Salvini and Di Maio are scheduled to meet again in Rome on Monday before being received at the Quirinal, the presidential palace. President Mattarella has asked to meet Di Maio at 4.30 pm and Salvini at 6 pm, a statement said.
Around 70 days after the legislative elections that failed to produce a clear parliamentary majority, it would appear the League and the M5S have found some common ground to form the first anti-establishment government in Italy and western Europe.
According to reports, the parties have agreed on rolling back increases to the age of retirement, while the M5S is willing to follow the League’s hardline anti-immigration policies.
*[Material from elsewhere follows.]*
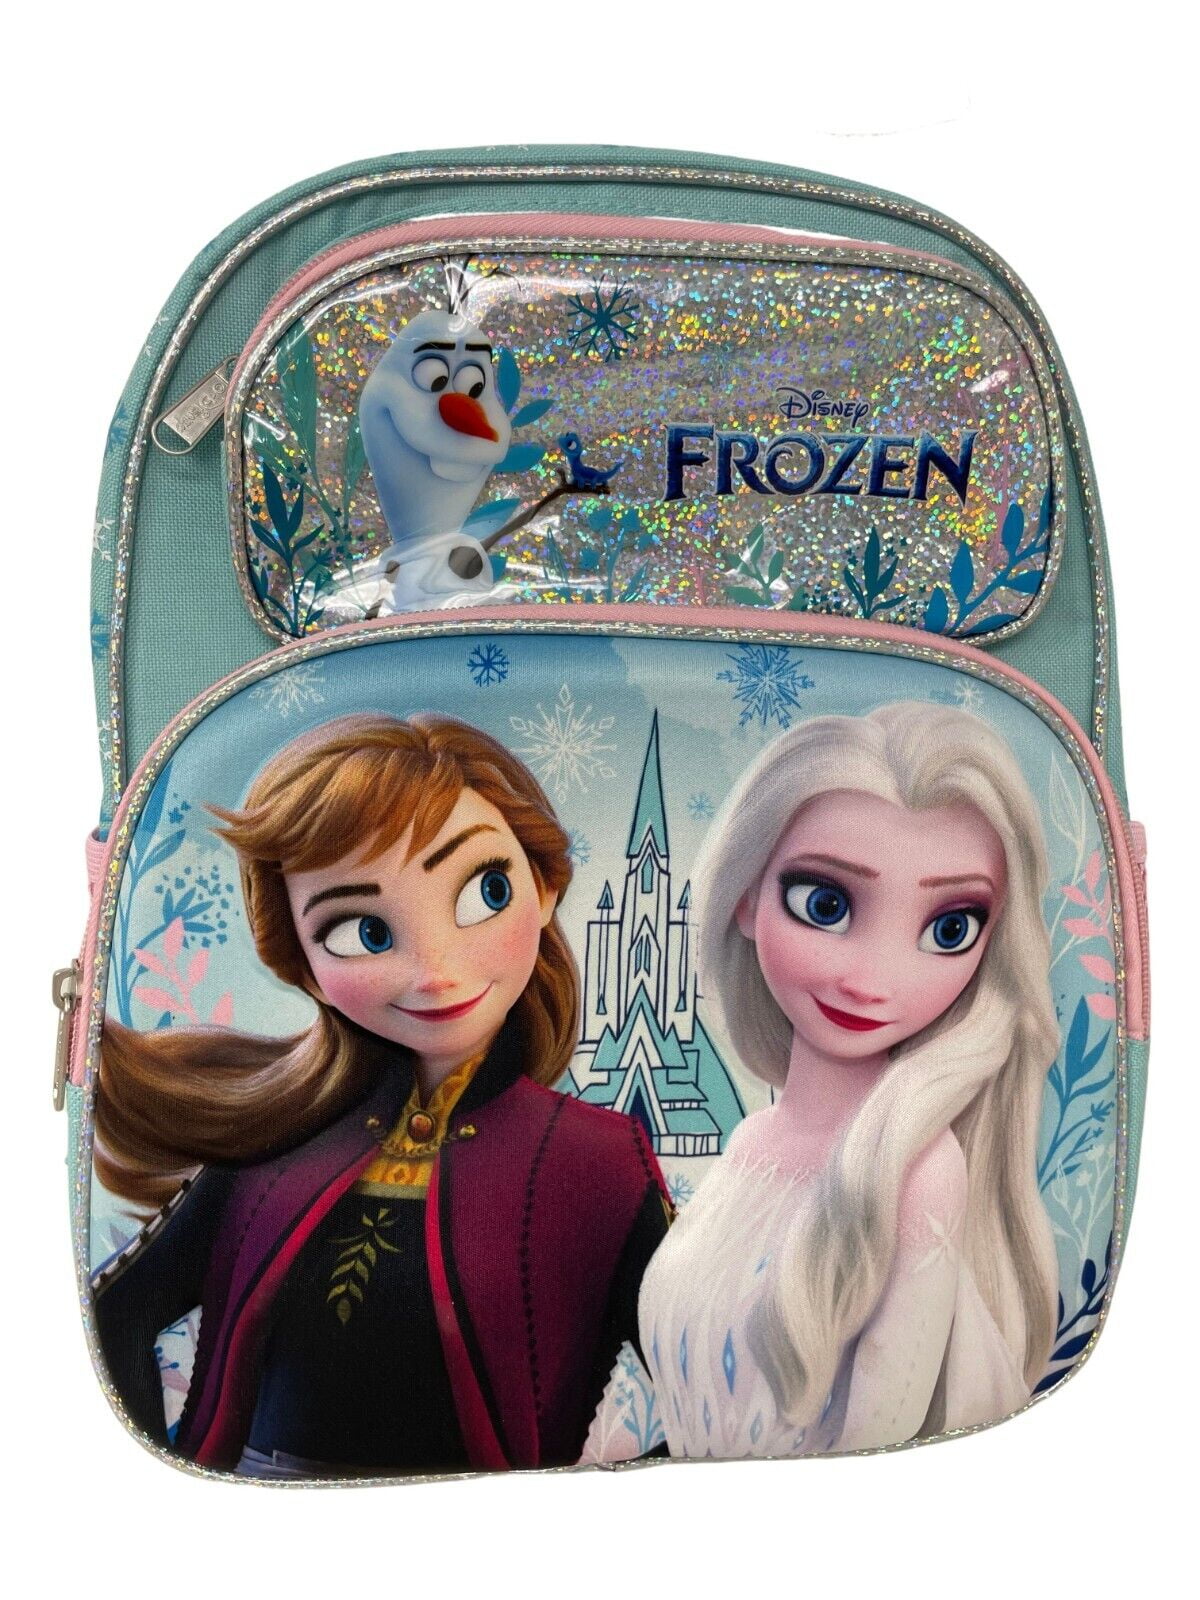 Disney Frozen Elsa Anna 3D Face 12 Inches Toddler Backpack 86591661 d383 4825 8527 6c81ab05a207.78afbf7593ae183edb82260680198871

Salvini and Di Maio are also willing to make compromises over their flagship policies – the League’s drastic drop in taxes and the M5S’s universal basic income – which look tricky to reconcile in the eurozone’s second most indebted country.
Both political parties have vowed to take tough positions with Brussels on issues like EU fiscal rules, amid widespread Italian discontent over the country’s economic malaise and a lack of European solidarity on dealing with migration.
The most sensitive issue is undoubtedly that of immigration, and according to the daily Il Corriere della Sera “the approach of the League is more muscular than that of M5S”.
For the composition of the government, the League and M5S must also agree on representation from the parties.
On its own Salvini’s League won 17 percent of the votes on March 4th, but it was part of a right-wing alliance including Silvio Berlusconi’s Forza Italia party that garnered 37 percent of the vote. M5S is by far Italy’s largest single party after conquering nearly 33 percent of the electorate.